[slurm-users] scontrol reboot does not allow new jobs to be scheduled if nextstate=RESUME is set

Wed Oct 25 11:39:04 UTC 2023

Hi Chris,

thanks a lot for your response.

I just realized that I made a mistake in my post. In the section you 
cite, the command is supposed to be "scontrol reboot nextstate=RESUME" 
(without ASAP).

So to clarify: my problem is that if I type "scontrol reboot 
nextstate=RESUME" no new jobs get scheduled anymore until the reboot. On 
the other hand, if I type "scontrol reboot", jobs continue to get 
scheduled, which is what I want. I just don't understand, why setting 
nextstate results in the nodes not accepting jobs anymore.

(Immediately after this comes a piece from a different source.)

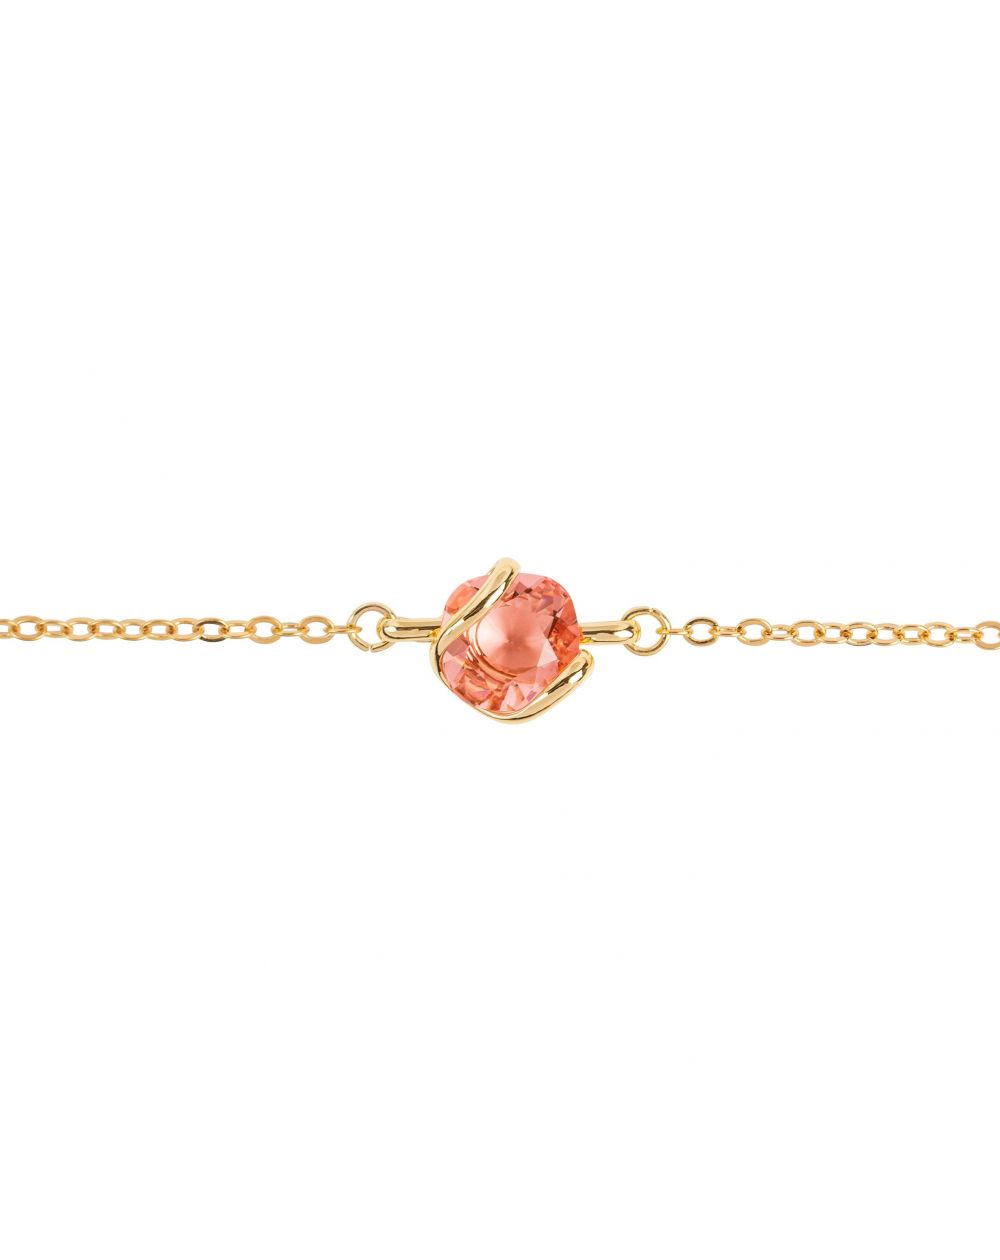 Andrea Marazzini bijoux - Bracelet cristal Swarovski Mini Peach

My usecase is similar to the one you describe. We use the ASAP option 
when we install a new image to ensure that from the point of the 
reinstallation onwards, all jobs end up on nodes with the new 
configuration only. However, in some cases when we do only minor changes 
to the image configuration, we prefer to cause as little disruption as 
possible and just reinstall the nodes whenever they are idle. Here, 
being able to set nextstate=RESUME is useful, since we usually want the 
nodes to resume after reinstallation, no matter what their previous 
state was.

Hope that clears it up and sorry for the confusion!

Best,

tim

On 25.10.23 02:10, Christopher Samuel wrote:
> On 10/24/23 12:39, Tim Schneider wrote:
>
>> Now my issue is that when I run "scontrol reboot ASAP nextstate=RESUME
>> <node>", the node goes in "mix@" state (not drain), but no new jobs get
>> scheduled until the node reboots. Essentially I get draining behavior,
>> even though the node's state is not "drain". Note that this behavior is
>> caused by "nextstate=RESUME"; if I leave that away, jobs get scheduled
>> as expected. Does anyone have an idea why that could be?
> The intent of the "ASAP` flag for "scontrol reboot" is to not let any
> more jobs onto a node until it has rebooted.
>
> IIRC that was from work we sponsored, the idea being that (for how our
> nodes are managed) we would build new images with the latest software
> stack, test them on a separate test system and then once happy bring
> them over to the production system and do an "scontrol reboot ASAP
> nextstate=resume reason=... $NODES" to ensure that from that point
> onwards no new jobs would start in the old software configuration, only
> the new one.
>
> Also slurmctld would know that these nodes are due to come back in
> "ResumeTimeout" seconds after the reboot is issued and so could plan for
> them as part of scheduling large jobs, rather than thinking there was no
> way it could do so and letting lots of smaller jobs get in the way.
>
> Hope that helps!
>
> All the best,
> Chris